[DATASET — start]

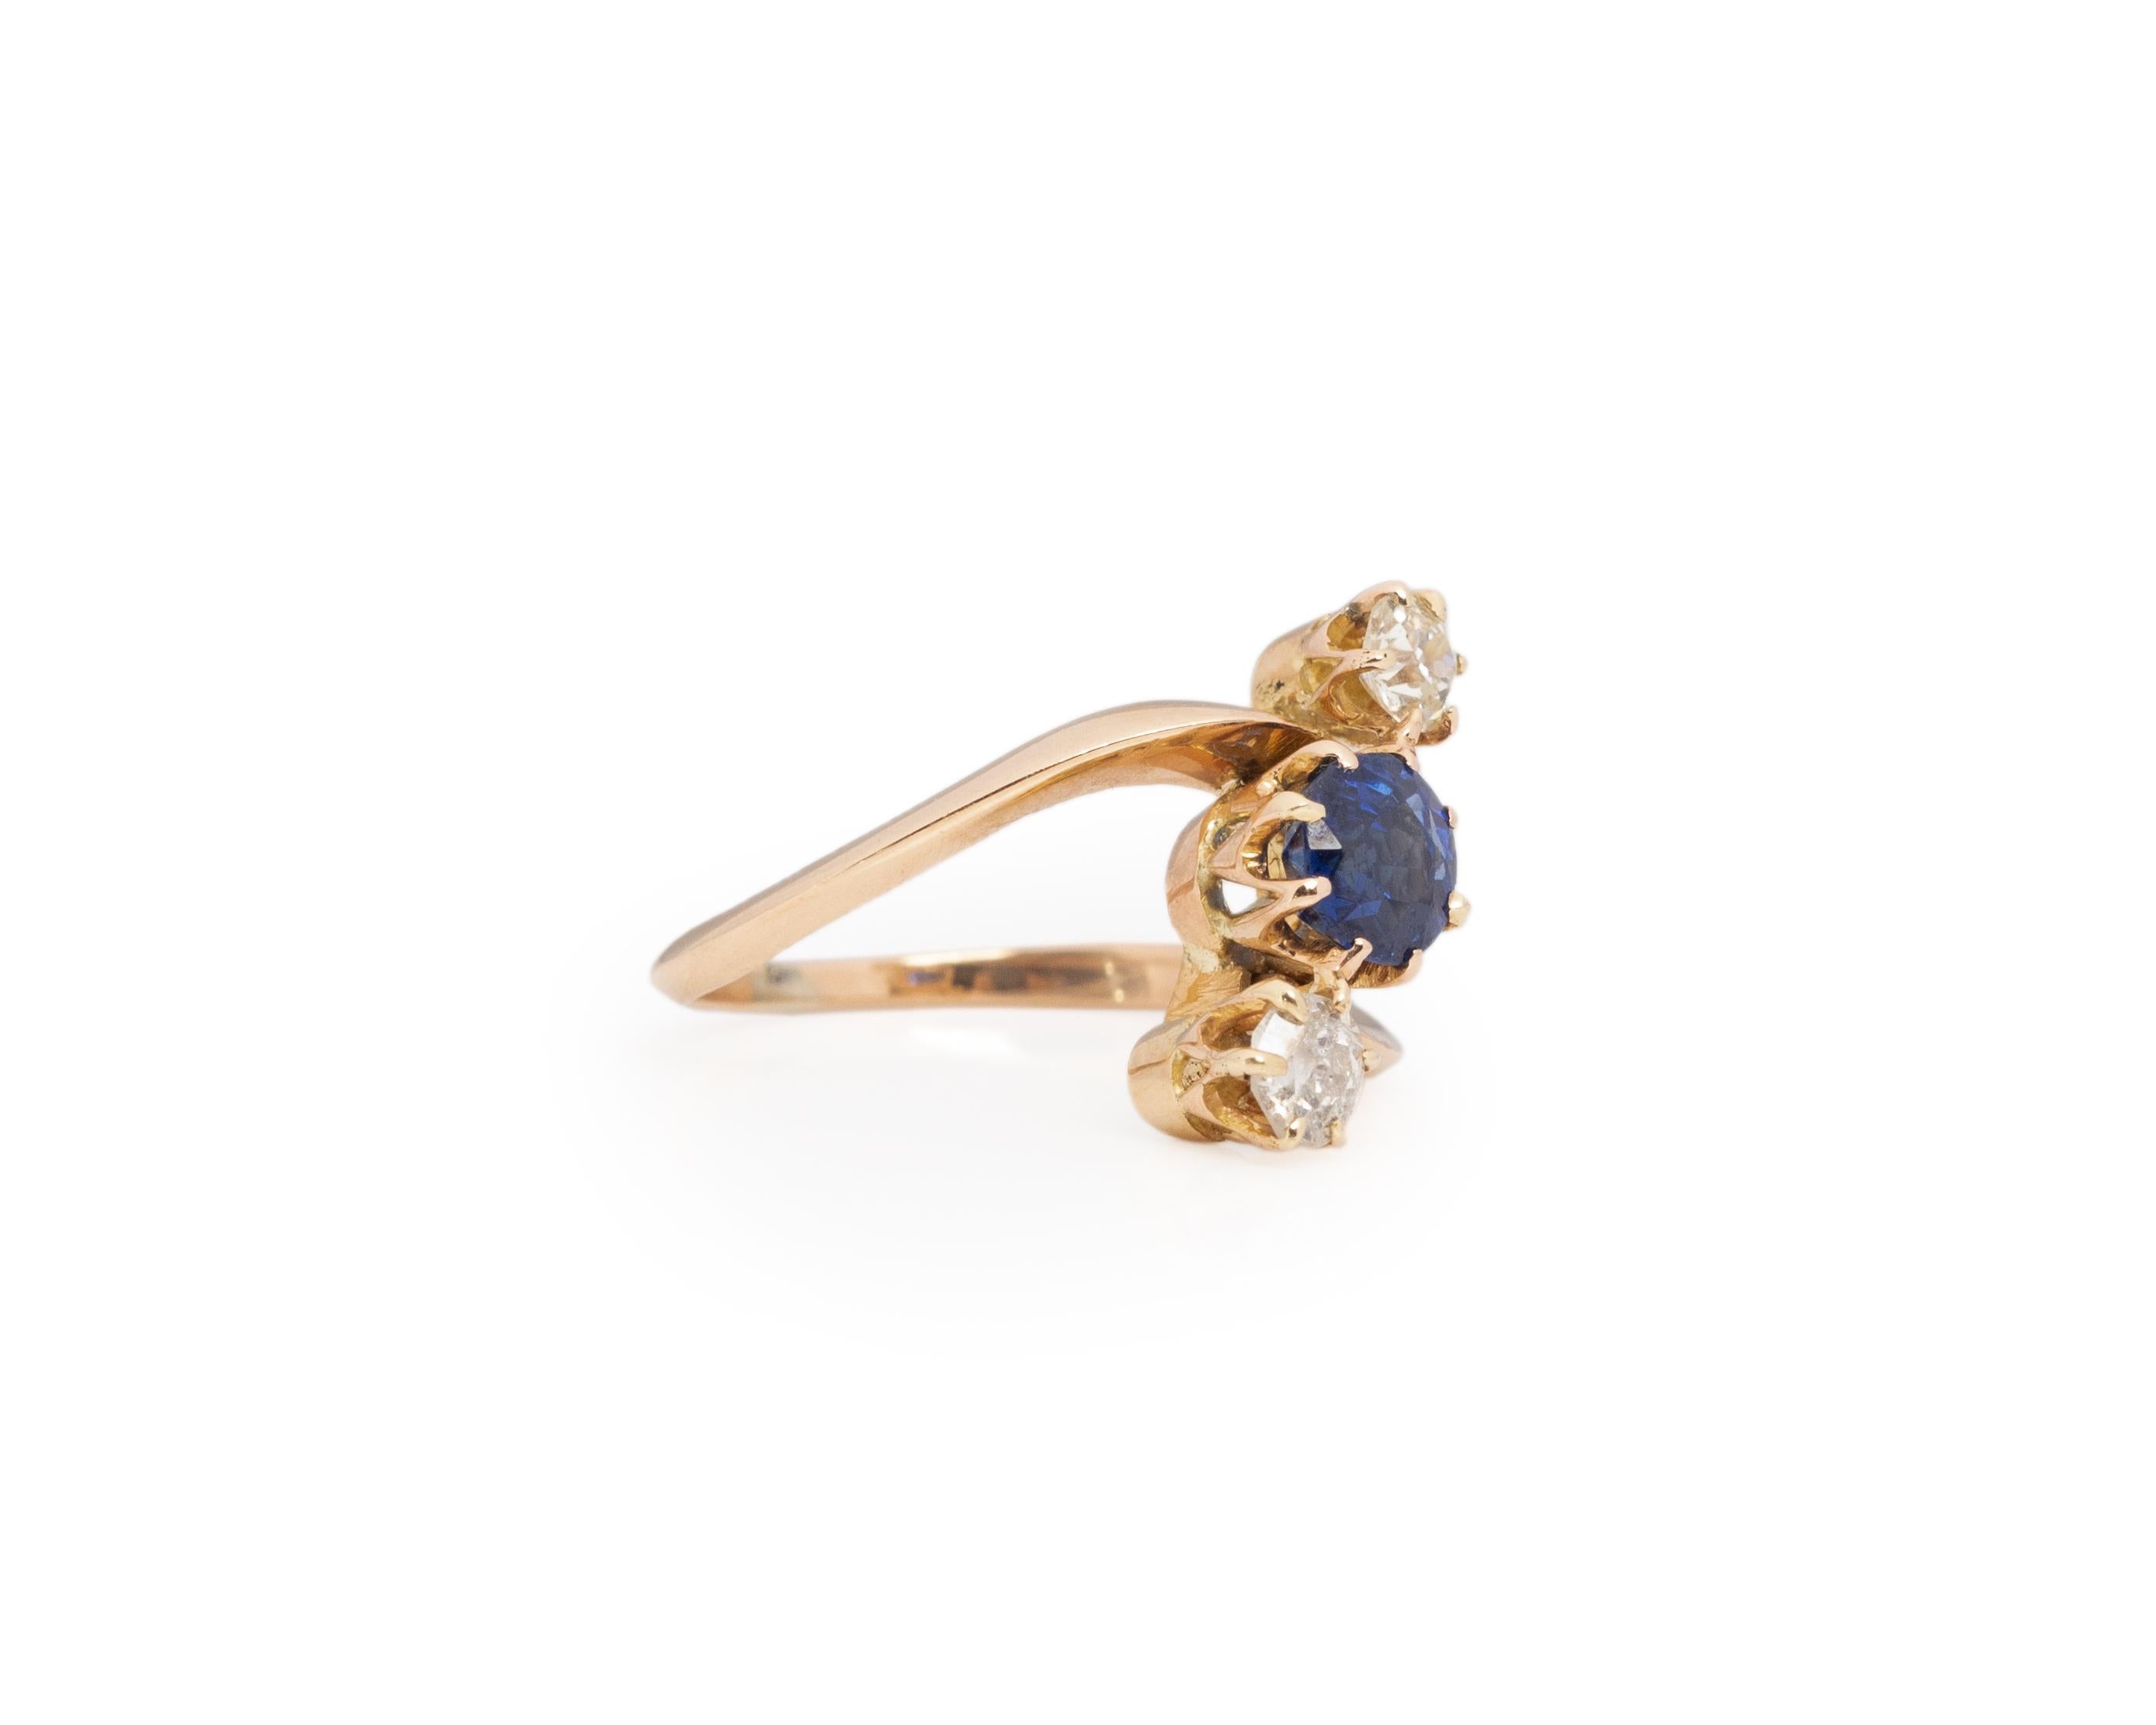 Ring Size: 4.25
Metal Type: 14K Yellow Gold [Hallmarked, and Tested]
Weight: 2.6 grams

Diamond Details:
Weight: .40ct
Cut: Old European brilliant
Color: J
Clarity: VS

Sapphire Details:
Weight: .65ct, total
Cut: Old European brilliant
Color:
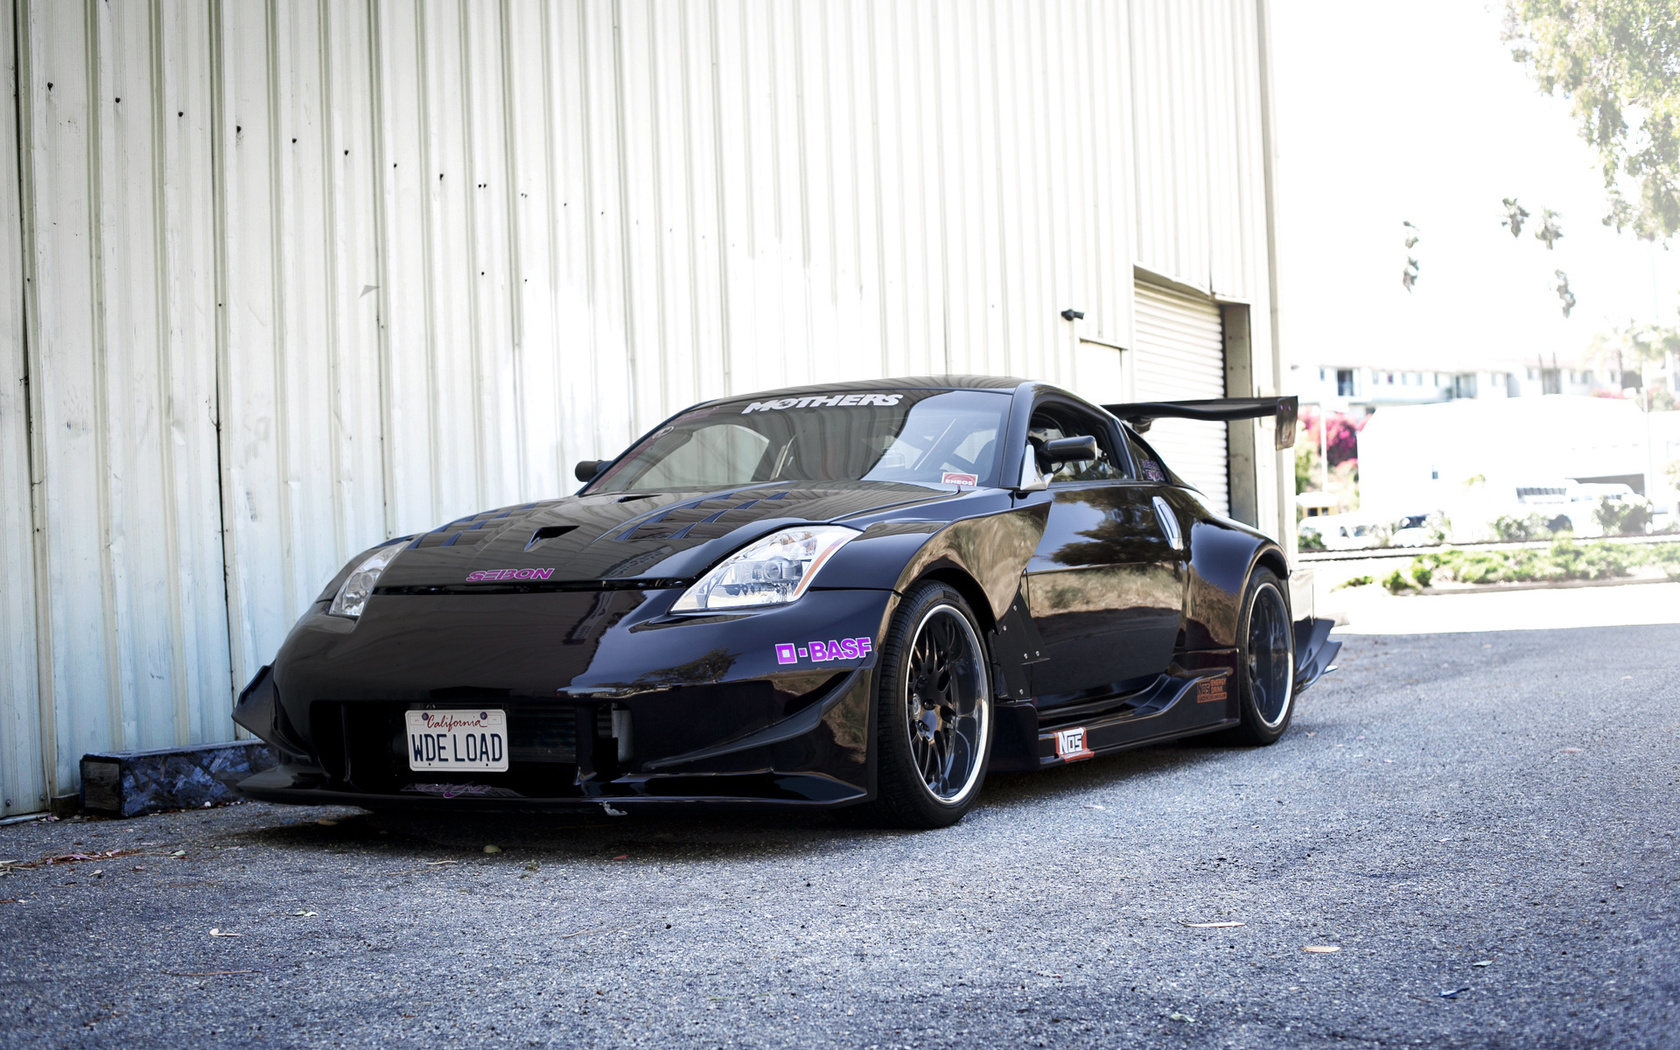 wallpapers auto, 350z, nissan, Auto, race car, cars, tuning cars, tuning auto, nissan 350z

[DATASET — finish]

DIRECTIONS
Skip the pictures. Return exactly the lines from the one containing "Weight: .40ct" through the end of the data above, both included, and nothing besides.

RESULT
Weight: .40ct
Cut: Old European brilliant
Color: J
Clarity: VS

Sapphire Details:
Weight: .65ct, total
Cut: Old European brilliant
Color:
 wallpapers auto, 350z, nissan, Auto, race car, cars, tuning cars, tuning auto, nissan 350z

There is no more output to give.